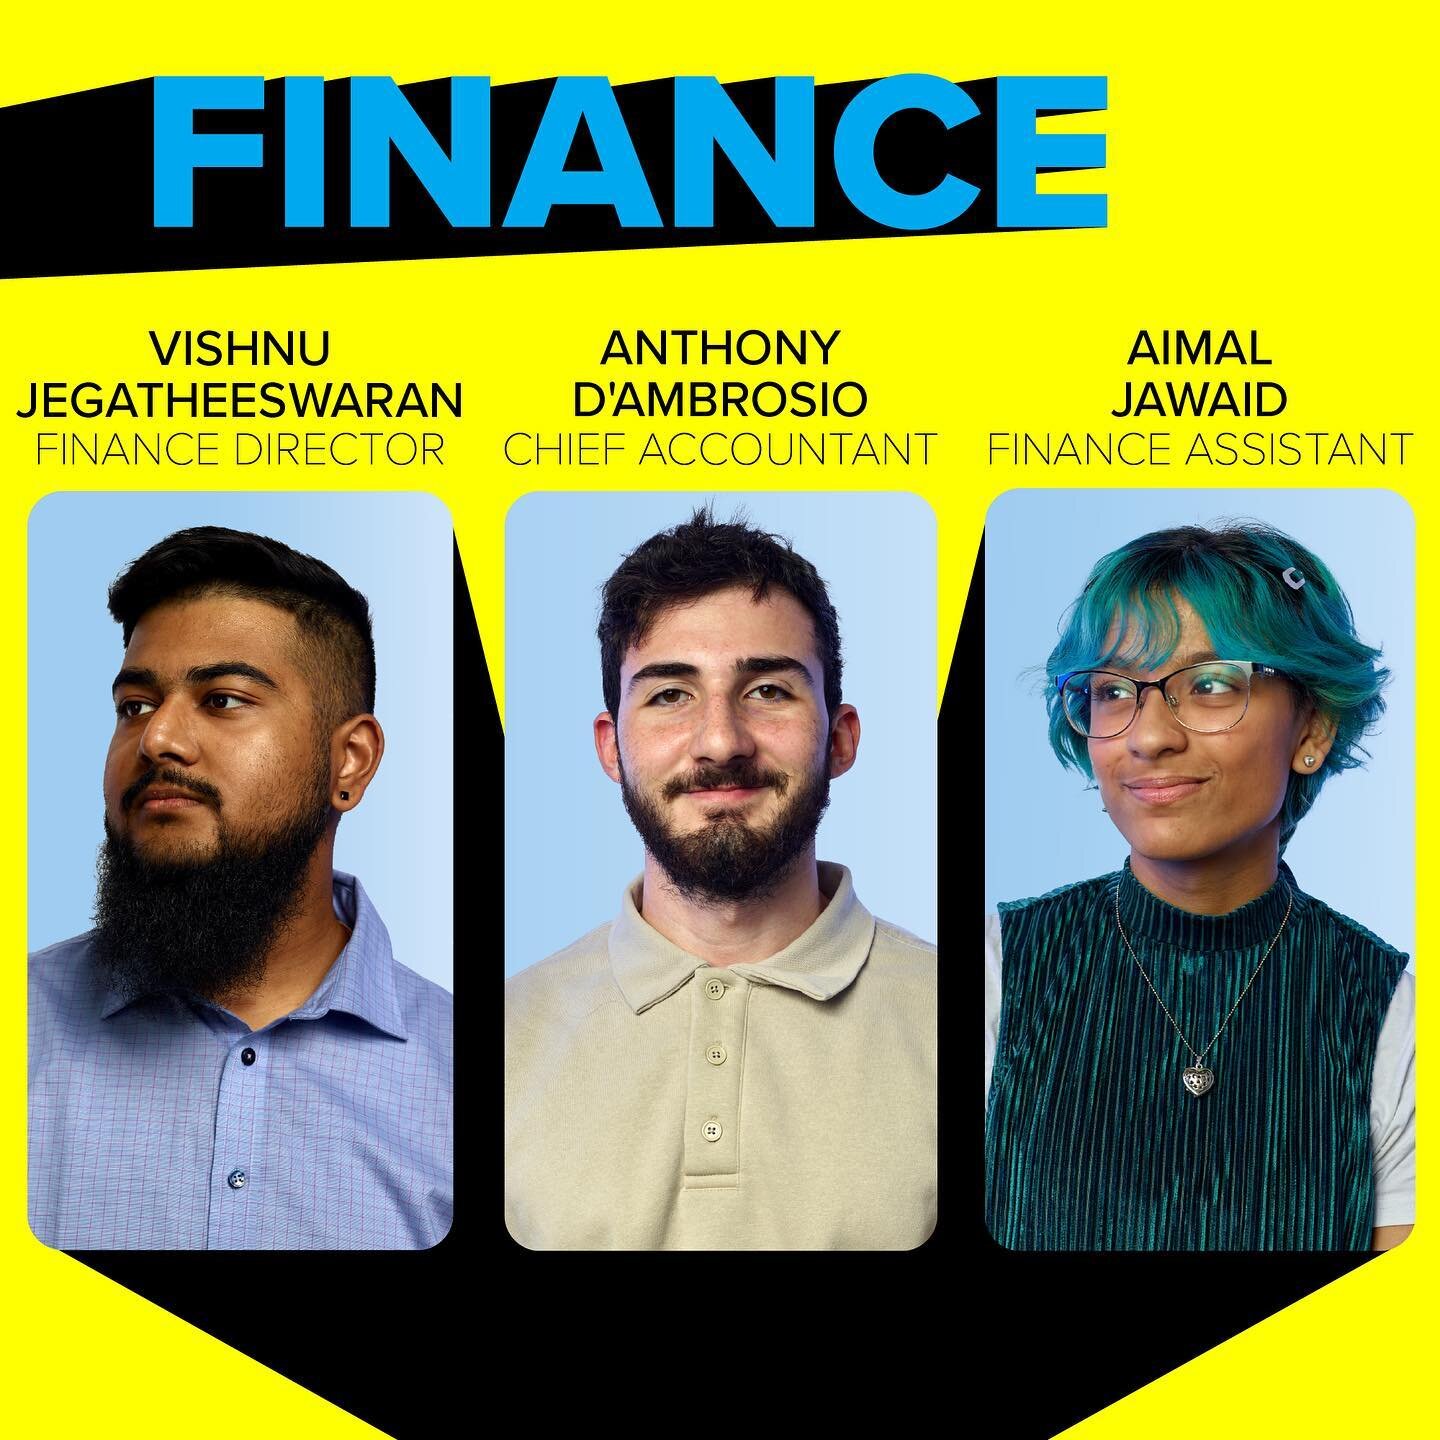 Team Intros Day 2: FINANCE 🤑

This team is all about the money! 
Finance Director, Vishnu, oversees budgeting plans, negotiations, partner and sponsorship outreach, transactions, and big decisions leading all departments to spend their cuts as effic
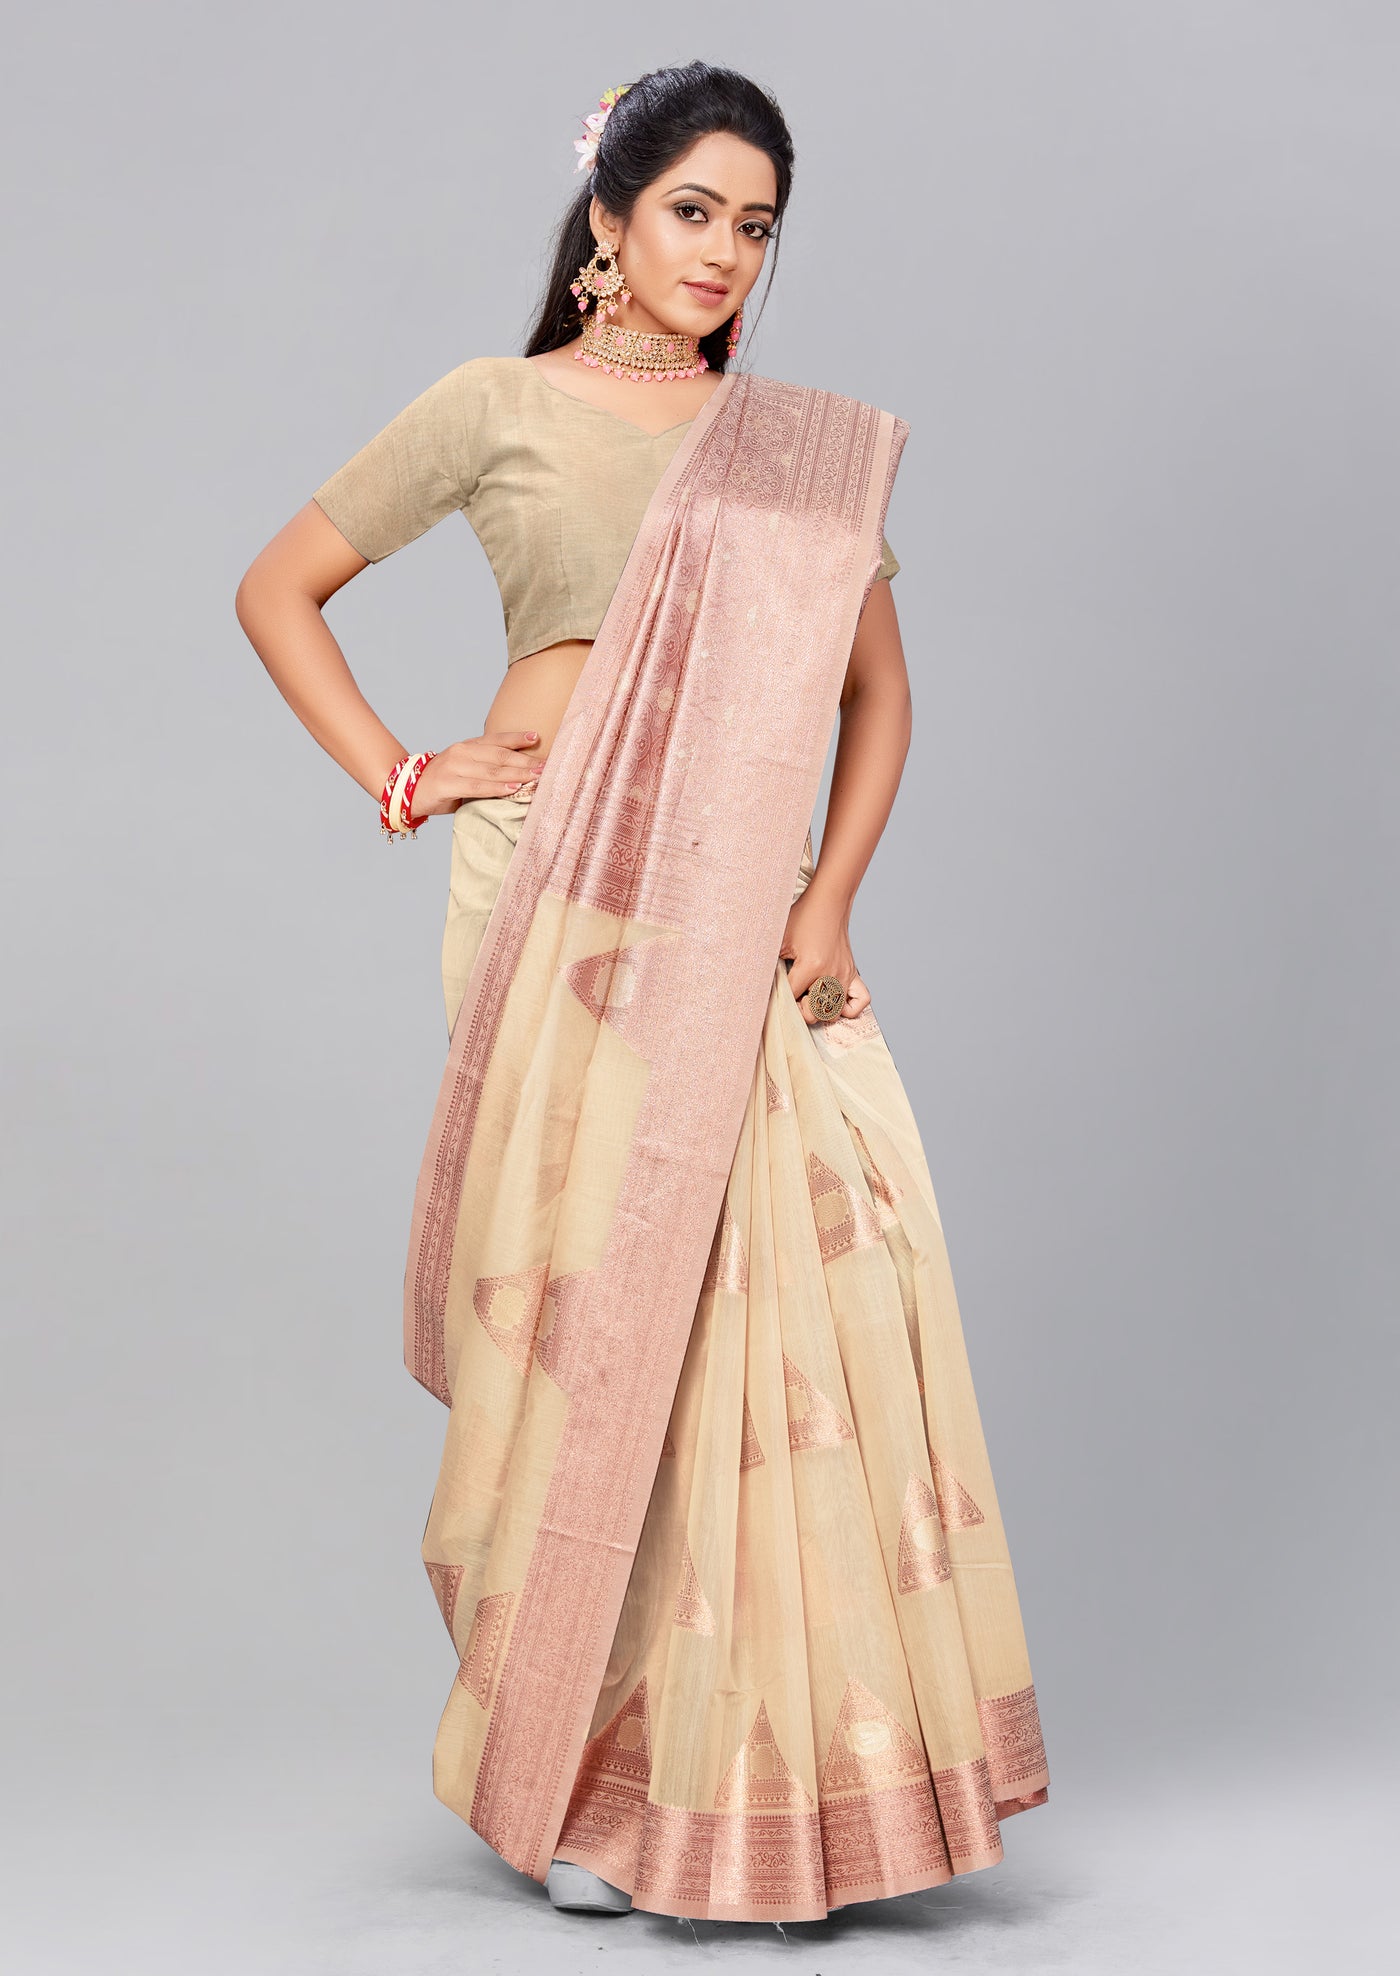 Bisque Handloom Saree - Indian Clothing in Denver, CO, Aurora, CO, Boulder, CO, Fort Collins, CO, Colorado Springs, CO, Parker, CO, Highlands Ranch, CO, Cherry Creek, CO, Centennial, CO, and Longmont, CO. Nationwide shipping USA - India Fashion X

================================

YOUR OBJECTIVE —
Starting at the line that contains "This team is all about the money!", write out exactly each line through the last one in the listing above, leaving out the pictures and adding nothing else.

TASK RESULT —
This team is all about the money! 
Finance Director, Vishnu, oversees budgeting plans, negotiations, partner and sponsorship outreach, transactions, and big decisions leading all departments to spend their cuts as effic
 Bisque Handloom Saree - Indian Clothing in Denver, CO, Aurora, CO, Boulder, CO, Fort Collins, CO, Colorado Springs, CO, Parker, CO, Highlands Ranch, CO, Cherry Creek, CO, Centennial, CO, and Longmont, CO. Nationwide shipping USA - India Fashion X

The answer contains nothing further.